Each household earns financial credits by fulfilling commitments for their lease, including upkeep of common areas and attending monthly meetings. Participation is measured monthly and credits assigned according to an amortized schedule. Money that is budgeted for vacancy and turnover is saved as the result of resident commitment and used to provide financial payments to residents for credits earned.  Households are eligible to redeem credits for rent or financial payment after five years.

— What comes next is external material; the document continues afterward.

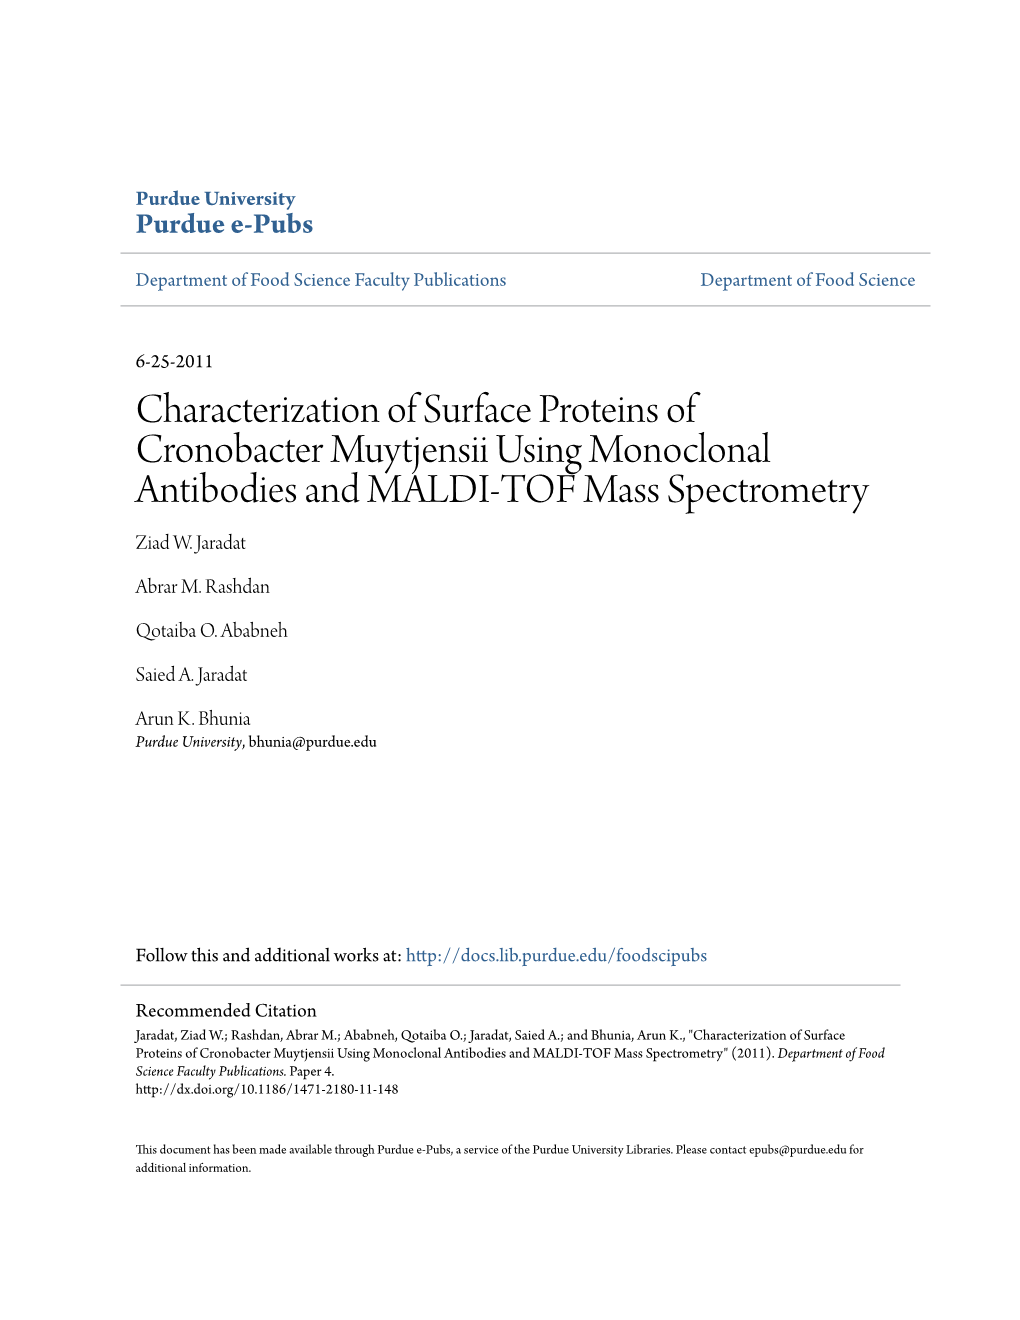 Characterization of Surface Proteins of Cronobacter Muytjensii Using Monoclonal Antibodies and MALDI-TOF Mass Spectrometry Ziad W

They can accrue up to $10,000 in credits in 10 years.  

Watch this in-depth explanation of the origins of the renter equity model and how it works on Peter Block’s The Abundant Community webinar with Margery Spinney from this spring!


The Results

In 1999, Margery Spinney created the first participatory management system with renter equity credits for a low-income housing project being developed by the Women's Research and Development Center and the Franciscan Friars in Cincinnati, Ohio. At the time, Margery was Director of the Cornerstone-Homesource Community Loan Fund, which expanded its mission to implement the concept — becoming the Cornerstone Corporation for Shared Equity. She recruited and guided resident participation with Carol Smith, the property manager, and developed the financial system.  

Between 2002 and 2012, 59 households in this and 2 subsequent development projects accumulated over $140,000 in equity credits even though their income averaged about $20,000 per year.  

In 2013, Margery and Carol formed Renting Partnerships in order to establish a framework to expand best practices in participatory management and assure long term accountability to the resident community.